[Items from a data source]
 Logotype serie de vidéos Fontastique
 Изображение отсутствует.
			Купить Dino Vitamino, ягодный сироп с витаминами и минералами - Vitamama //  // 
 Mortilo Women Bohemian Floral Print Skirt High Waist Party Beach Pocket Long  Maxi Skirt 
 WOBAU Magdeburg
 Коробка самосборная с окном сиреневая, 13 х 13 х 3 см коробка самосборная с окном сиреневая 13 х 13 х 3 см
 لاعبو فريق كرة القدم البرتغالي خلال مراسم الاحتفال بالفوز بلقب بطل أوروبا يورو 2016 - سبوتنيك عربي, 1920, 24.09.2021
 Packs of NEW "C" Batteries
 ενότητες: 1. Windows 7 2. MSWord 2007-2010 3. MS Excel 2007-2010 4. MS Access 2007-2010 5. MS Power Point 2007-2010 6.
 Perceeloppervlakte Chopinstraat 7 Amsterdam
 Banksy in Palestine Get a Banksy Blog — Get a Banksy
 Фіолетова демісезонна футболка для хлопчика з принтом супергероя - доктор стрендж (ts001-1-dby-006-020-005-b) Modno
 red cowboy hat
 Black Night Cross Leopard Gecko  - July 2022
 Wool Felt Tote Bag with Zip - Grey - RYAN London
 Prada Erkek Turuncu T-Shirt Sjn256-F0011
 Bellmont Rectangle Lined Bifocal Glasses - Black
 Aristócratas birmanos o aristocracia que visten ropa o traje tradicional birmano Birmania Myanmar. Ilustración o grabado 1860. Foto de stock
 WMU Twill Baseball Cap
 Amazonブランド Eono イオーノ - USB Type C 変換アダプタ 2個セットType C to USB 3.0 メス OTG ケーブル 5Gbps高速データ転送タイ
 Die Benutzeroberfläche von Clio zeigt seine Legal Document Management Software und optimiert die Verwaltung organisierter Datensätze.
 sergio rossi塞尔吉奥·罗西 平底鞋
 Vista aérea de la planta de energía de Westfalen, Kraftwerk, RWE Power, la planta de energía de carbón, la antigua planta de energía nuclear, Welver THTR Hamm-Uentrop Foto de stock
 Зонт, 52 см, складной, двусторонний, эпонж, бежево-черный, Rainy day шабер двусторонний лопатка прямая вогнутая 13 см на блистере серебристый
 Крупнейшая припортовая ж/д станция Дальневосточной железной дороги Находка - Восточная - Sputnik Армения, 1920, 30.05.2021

_EXERCISE OBJECTIVE_
Write out only the lines that run from the line containing "sergio rossi塞尔吉奥·罗西 平底鞋" through the line containing "Зонт, 52 см, складной, двусторонний, эпонж, бежево-черный, Rainy", both included, exactly as they appear above.

_REPLY TO THE EXERCISE_
 sergio rossi塞尔吉奥·罗西 平底鞋
 Vista aérea de la planta de energía de Westfalen, Kraftwerk, RWE Power, la planta de energía de carbón, la antigua planta de energía nuclear, Welver THTR Hamm-Uentrop Foto de stock
 Зонт, 52 см, складной, двусторонний, эпонж, бежево-черный, Rainy day шабер двусторонний лопатка прямая вогнутая 13 см на блистере серебристый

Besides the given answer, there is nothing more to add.